RG: Australians are wonderful!
Jack: I think Americans are great! I can't pretend I know everywhere. But people have taught me a lot, the things about me that I don't like, they've taught me that, too. I’ve had to accept it because when you move into a different place you actually realize, 'Oh, am I that?'
RG: You find out things, you see yourself differently.
Jack: You find out the shadow things in one's self. You have to deal with that as well.
RG: Do either of you have a creative secret weapon and if you do, what is it?
Jack: I definitely do. It's to have fun doing it. To enjoy doing it, absolutely enjoy doing it, play with it.
Rivky: I probably have to second that just because you've truly taught me that, and it's so wonderful.
Jack: I don't want to nag you to death to say that.
Rivky: It's so wonderful, please nag me to death! Oh my God, it's so wonderful! And I'd say, maybe adding to that, truly and genuinely not wanting to give a shit about what other people think of you ever.
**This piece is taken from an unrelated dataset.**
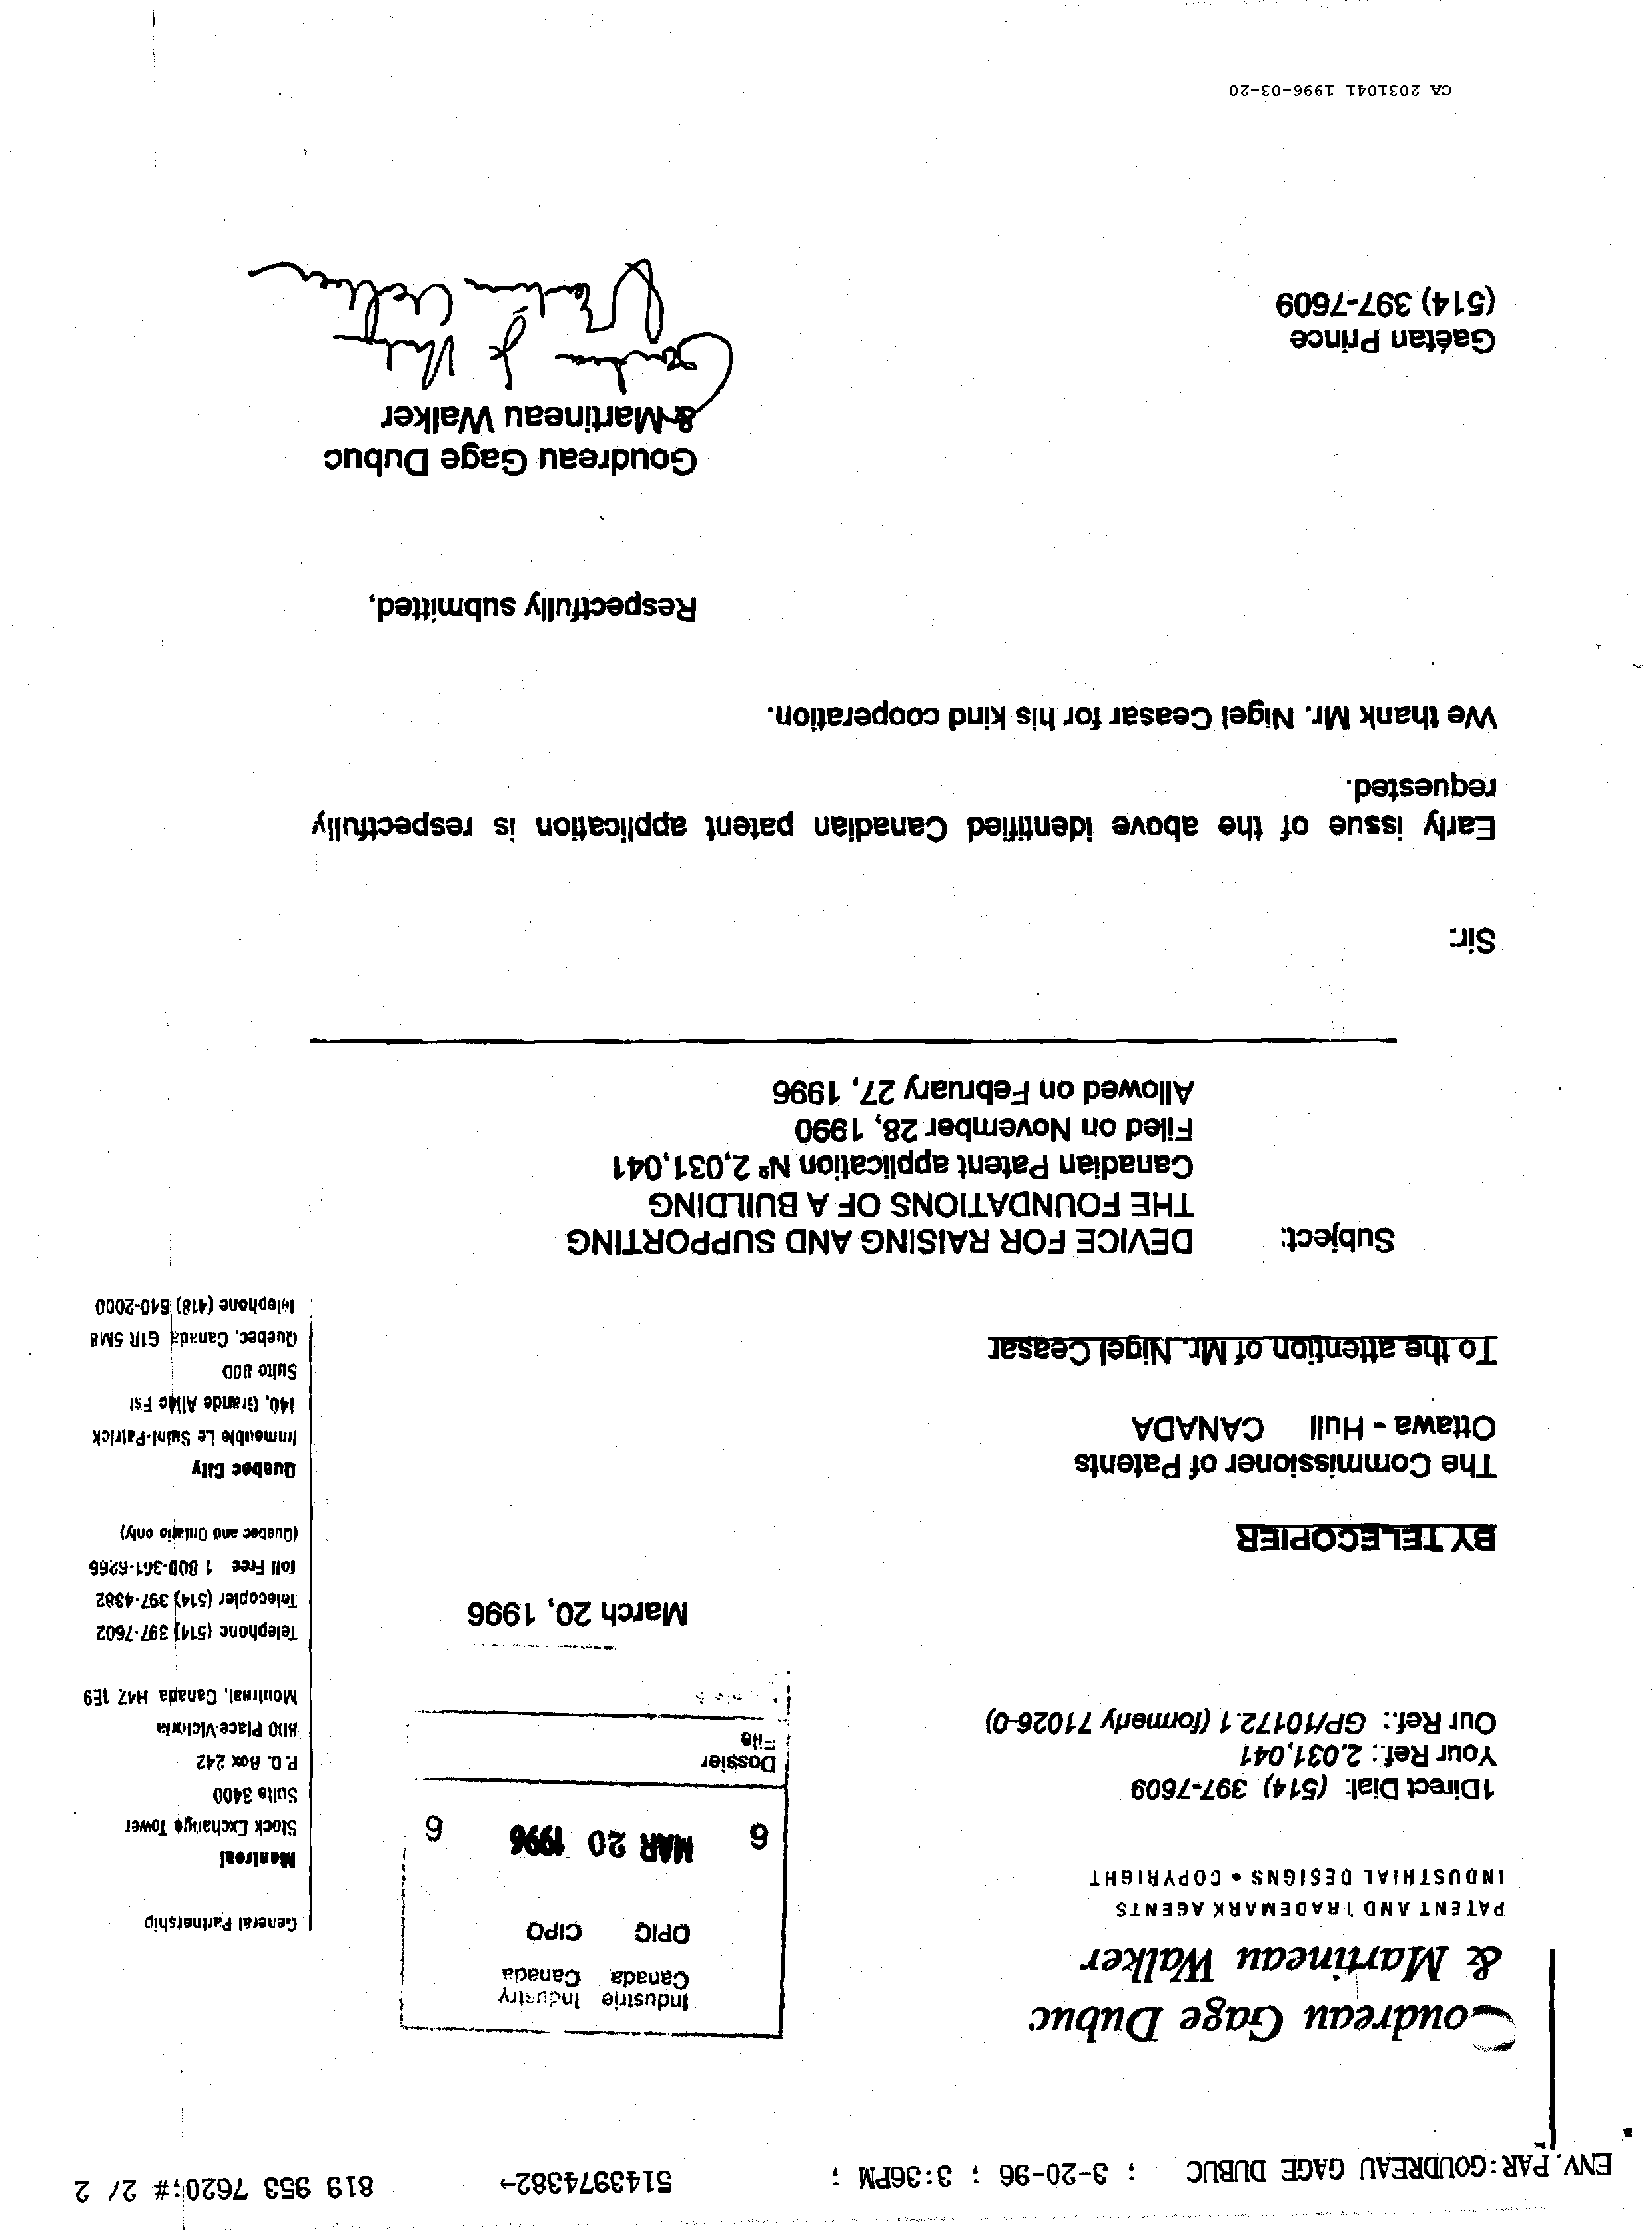 Canadian Patent Document 2031041. Correspondence 19951220. Image 1 of 2
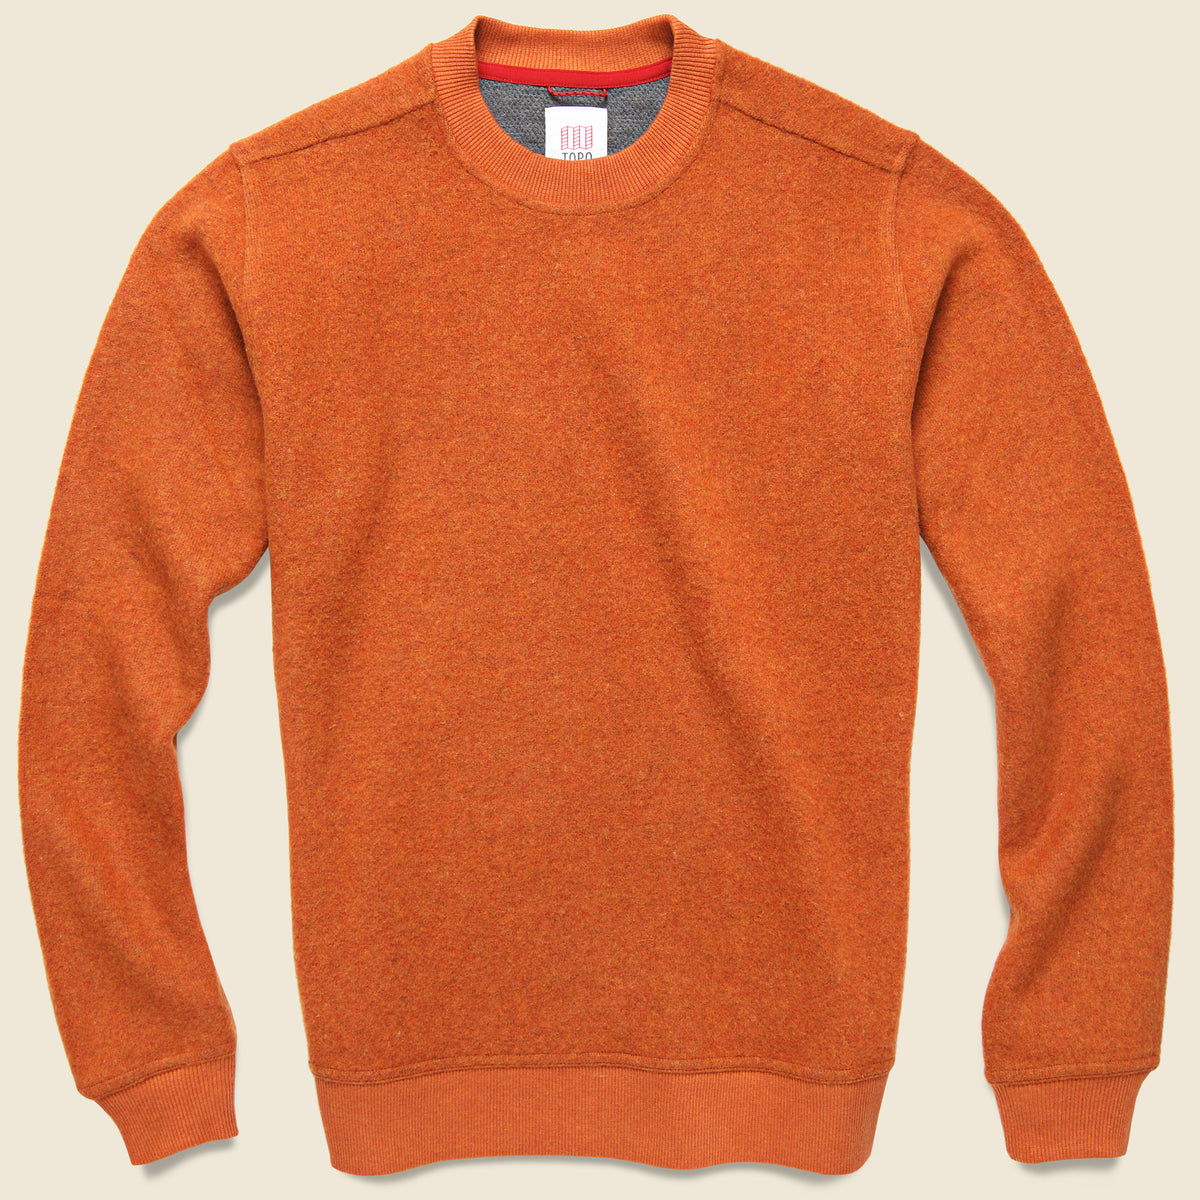 Global Sweater - Clay

Like, ever! It's so difficult sometimes to do but if you're in that mind set, you are so free. Just be, no worry! Don’t feel scared by whether other people are judging you or not. I feel like that's just a general thing in life.
Jack: That comes from an Orthodox background.
RG: Does it? How?
Jack: Absolutely. In other words, she was judged in the Orthodox background.
Rivky: But we're constantly judged, for every little minute thing.
Jack: You've got to do a mitzvah, you have to do the right thing. It's very strict.
RG: Most religious backgrounds have it, right?
Jack: But the Orthodox one is very strict in that.
Rivky: It is, yeah. Judgment, shame, guilt.
Jack: Ethics, guilt, all of those elements, because the thing you’re expressing is in everyone else. The one thing people recognize is truth because it's quite rare. So whether you like the truth or not, people recognize the truth.
RG: I recently saw a film, sort of a documentary, of a young woman who was living in the South at the time. When she was maybe five years old her father murdered her mother, and the young girl saw her mother, moments after it happened, when she looked through a window. The father was not accepting responsibility for it through the years though he ultimately confessed. In the Q&A after the film, the woman was saying it was extraordinary how after she wrote the book about it from which the film was made, people would come up to her and say, 'Oh my God, you told my story!' She said, 'Wait a second, this is a very particular story, my father murdered my mother,' and they said, 'No no no, you told my story!' Then she realized it's all the same story. We all recognize it – the other person's story is that which speaks to us and even though it's so fragmented it's still our story.
Jack: That's right. One element of that story is their story.
RG: God as story, God as metaphor.
Jack: I'm very appreciative. I'm grateful that we’re able to do what we do. I think it's an honor. It's a luck! I appreciate it that I'm able to do this. I didn't come from this world, I come from another world. I don’t think the world owes me anything.
RG: You both came from a different world, and yet here we are.
Jack: I think attitude is helpful. It's how one's attitude to life can give you an easier life.
RG: So the answer is fun.
Jack: Yeah! Enjoyment of it, even sad things. Doesn't matter. Enjoy it, enjoy the process!
RG: I can't thank both of you enough for talking with me. I’m very appreciative.
Jack: Thank you, that was a delight!
Rivky: You're so welcome, and thank you. Makes you think about different things on the spiritual realm. Something I hadn't really thought about too much lately.
RG: And yet you come from it!
Rivky: I think you forget sometimes.
This conversation has been edited and condensed.